The comparison to the Sea Peoples (who are associated with Bronze Age collapse ca. 1200 BCE and some of whom were ethnically Indo-European Greek), however, poses the intriguing possibility that there may have been a similar phenomena in the wake of the similar empire felling climate event around 2000 BCE, placing the Danaids in a very specific time and place indeed, and having them arrive on the scene very shortly indeed before the arrival of the Mycenians whose language become Ancient Greek, just as in the narrative.

Obviously, legendary history alone shouldn't be taken at face value, but Aeschylus gives us a general time frame and a very specific geographical pointer regarding where to look for archaeological evidence that the Danaid migration ever happened.  One could point to a pyramid like structure in Argos whose age and interpretation is disputed as a sign of an Egyptian connection to Argos though the Danaids. END UPDATE.

* Y-DNA R1b does not appear until the Bronze Age, where there are 2 Y-DNA R1b samples and there is one Y-DNA I1 sample.  The study does not appear to include Bronze Age ancient mtDNA samples.  Naively, I would have expected Y-DNA R1a rather than R1b in the Bronze Age this far to the east in Europe.  Could it be that R1b made its way to Western Europe via the Balkans and then across the Southern part of Europe to Iberia, perhaps originating in the Yamnaya people?

As Maju has noted at this blog and in comments on one of my recent posts, it isn't sufficient to look merely at crude top level Y-DNA clades to resolve these questions, because what may look the same at gross level, may imply an impossible phylogeny when more detailed Y-DNA clade descriptions are considered.  We are looking for a trail of parent to daughter clades from East to West until you get to the root of Western European Y-DNA R1b clades.

As noted above, small samples can be misleading, but the total absence of any Y-DNA R in any of the 30 pre-Bronze Age samples from the region, while it may not rule out the possibility that there was some Y-DNA R in the region during the Neolithic, does seriously disfavor the possibility that Y-DNA R was present at anything approaching its modern frequency in the region during the Neolithic era.  Modern populations in this region have from 20%-60% Y-DNA R1, with significant amounts of both R1a and R1b in almost all of these populations.
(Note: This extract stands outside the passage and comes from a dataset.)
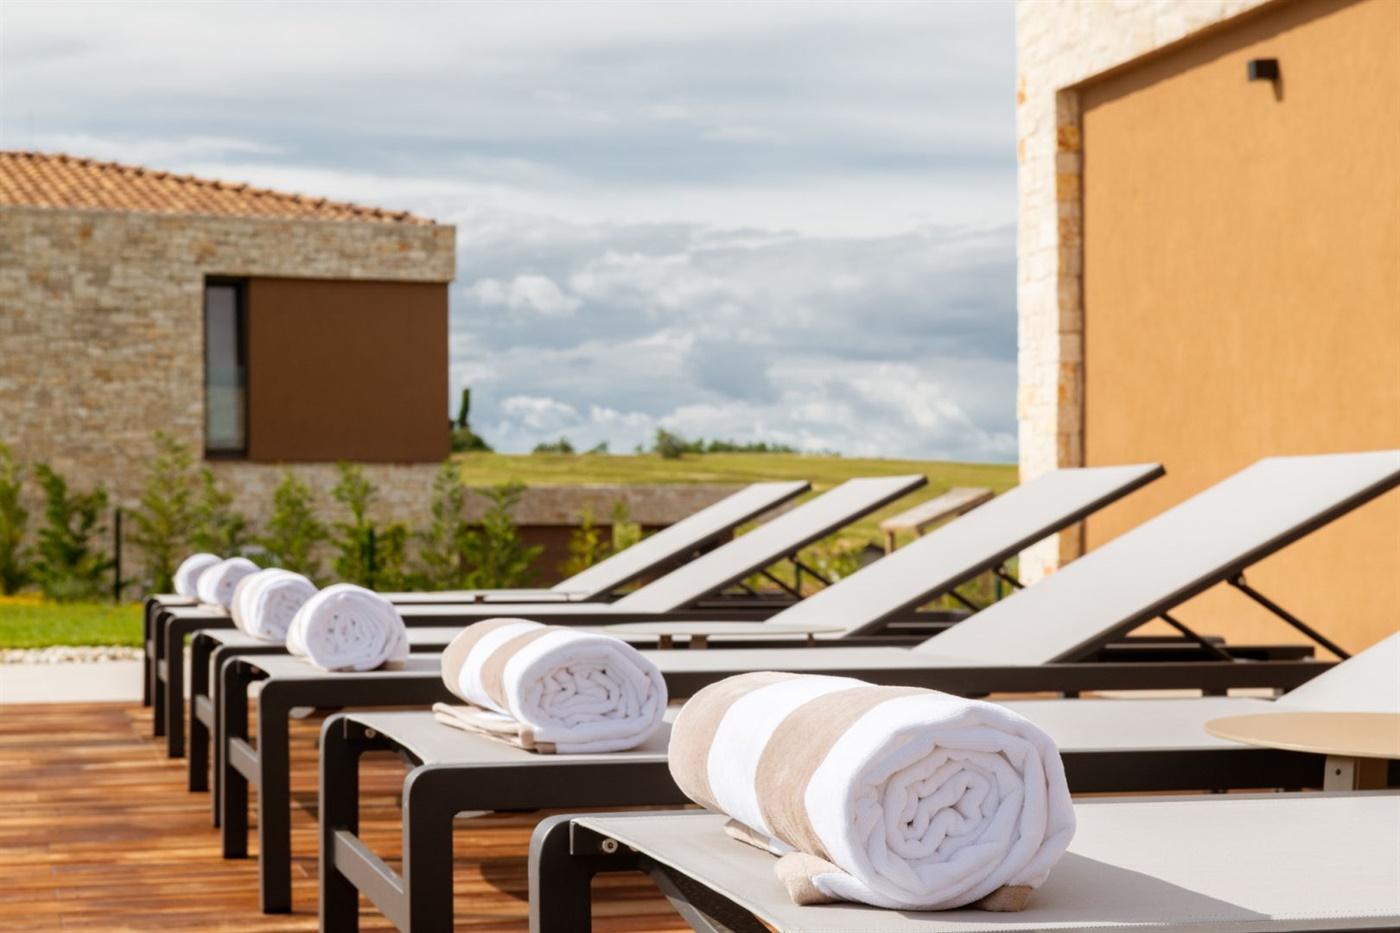 Sunbathing and pool

If the N=30 sample were random and independent (which it isn't) a proportion of R1 in the Neolithic era or more than about 10% is disfavored at the 95% confidence level, and the expected proportion of R1 would be not more than about 5% given the data in the sample that we do have and ignoring our Baysean priors from our wider knowledge of ancient DNA.  The nature of sample size statistics is that even the slight improvement from N=8 to N=30 dramatically improves statistical power, even though this improvement shows diminishing returns as N increase (to the point where, for example, the difference in statistical power between a sample size of 800 and 3000 is quite modest).
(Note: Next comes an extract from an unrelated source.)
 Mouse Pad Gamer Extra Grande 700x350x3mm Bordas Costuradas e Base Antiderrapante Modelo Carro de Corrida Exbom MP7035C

Also, knowing what I know now about the fact that Slavic peoples made their way into the Balkans from the North and had a significant demic component (unlike many other migration period "barbarians"), it isn't implausible that at least some of the Y-DNA R1a in the Balkan region today arrived as late as the Iron Age from Slavic migration (which would have predominantly Y-DNA R1a relative to Y-DNA R1b), and that the ratio of R1b to R1a in the Balkan region was higher in the Bronze Age than it is today.  And, the R1b blending proportions with R1a in the Balkans, unlike in many other parts of Europe, is not a good fit to historical boundaries between the Bell Beaker cultural area and the Corded Ware cultural area that succinctly describes the relative proportion of these Y-DNA types in most of Europe.  So there is a window in time in the Bronze Age during which R1b could plausibly have been dominant in a population that migrated through Western Hungary on to Western Europe.